Set down the data below without change, skipping the pictures it holds.

SUPPLIED INFORMATION:
##############################
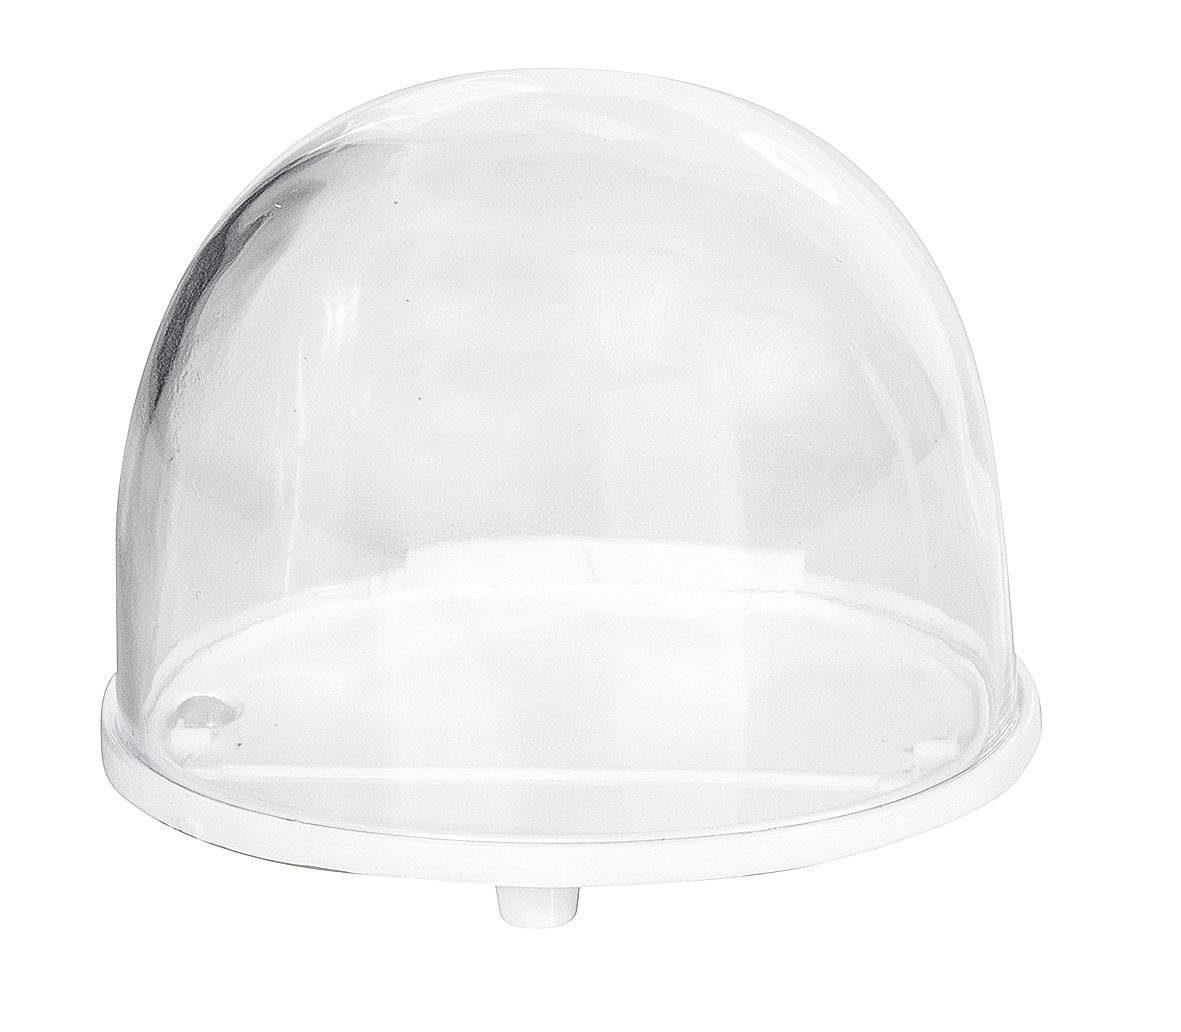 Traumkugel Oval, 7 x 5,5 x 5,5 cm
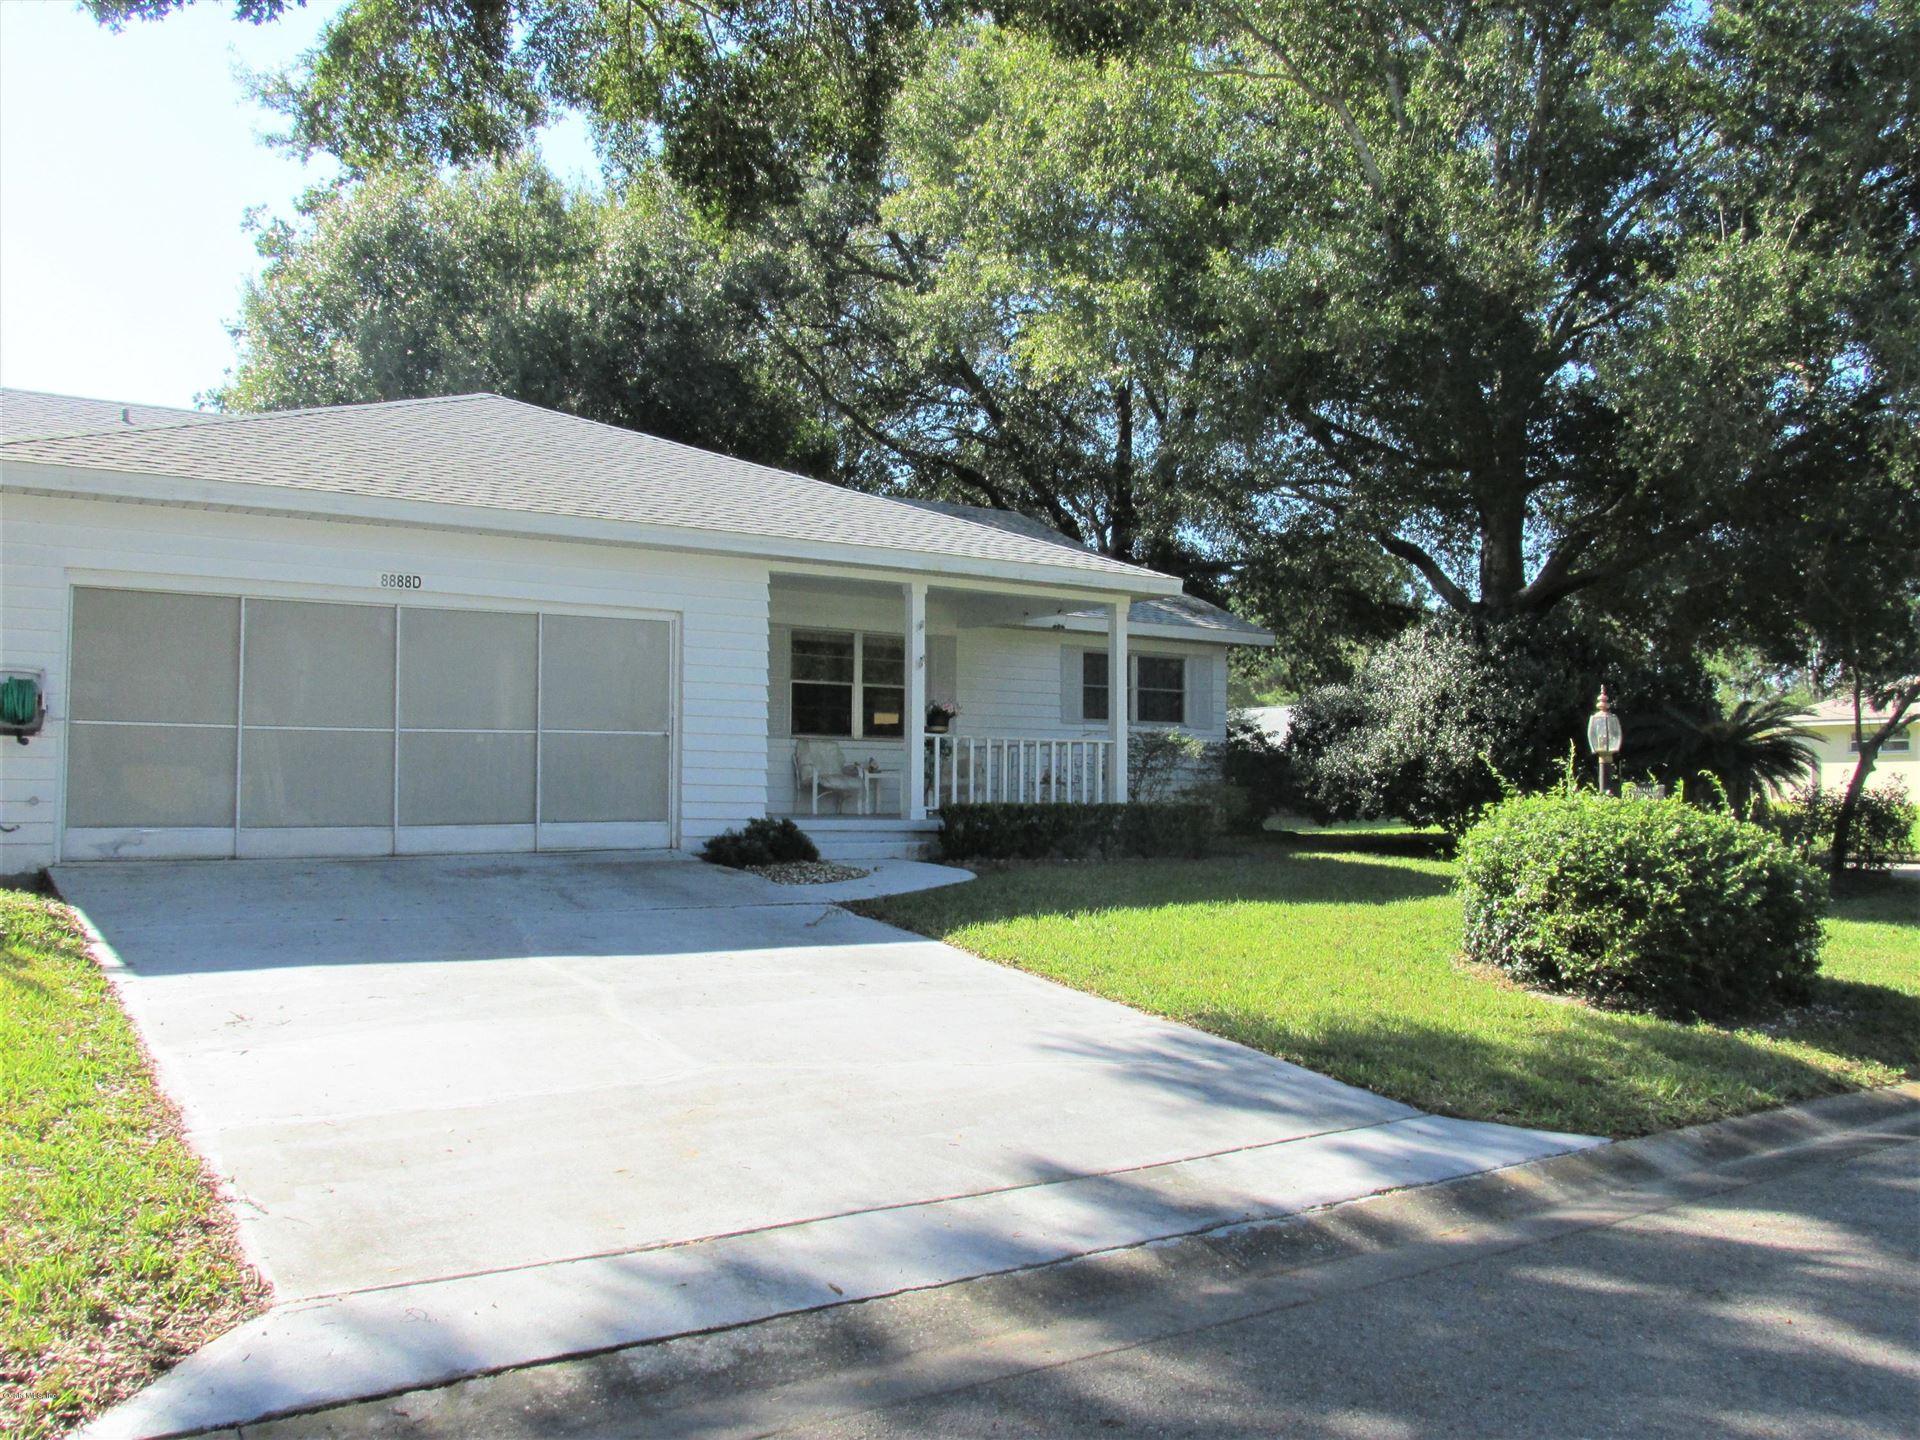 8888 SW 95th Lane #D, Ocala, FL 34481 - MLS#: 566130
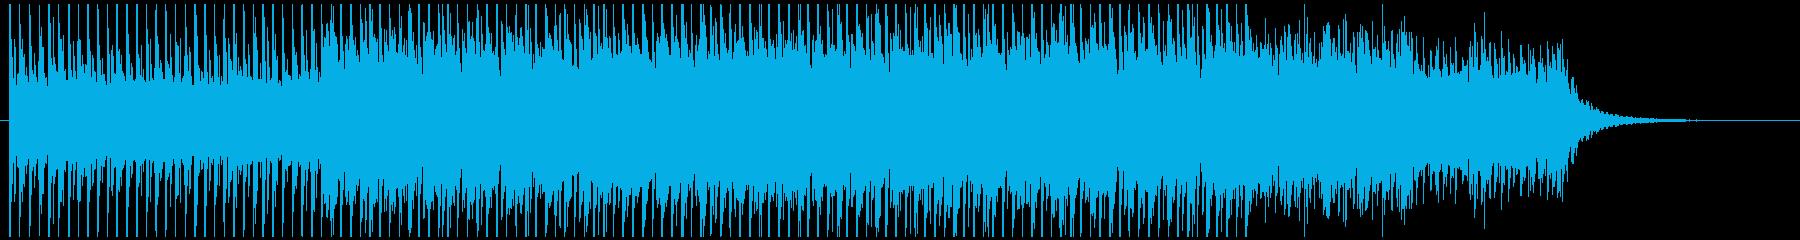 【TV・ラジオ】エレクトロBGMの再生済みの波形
##############################
TASK ANSWER:
 Traumkugel Oval, 7 x 5,5 x 5,5 cm
 8888 SW 95th Lane #D, Ocala, FL 34481 - MLS#: 566130
 【TV・ラジオ】エレクトロBGMの再生済みの波形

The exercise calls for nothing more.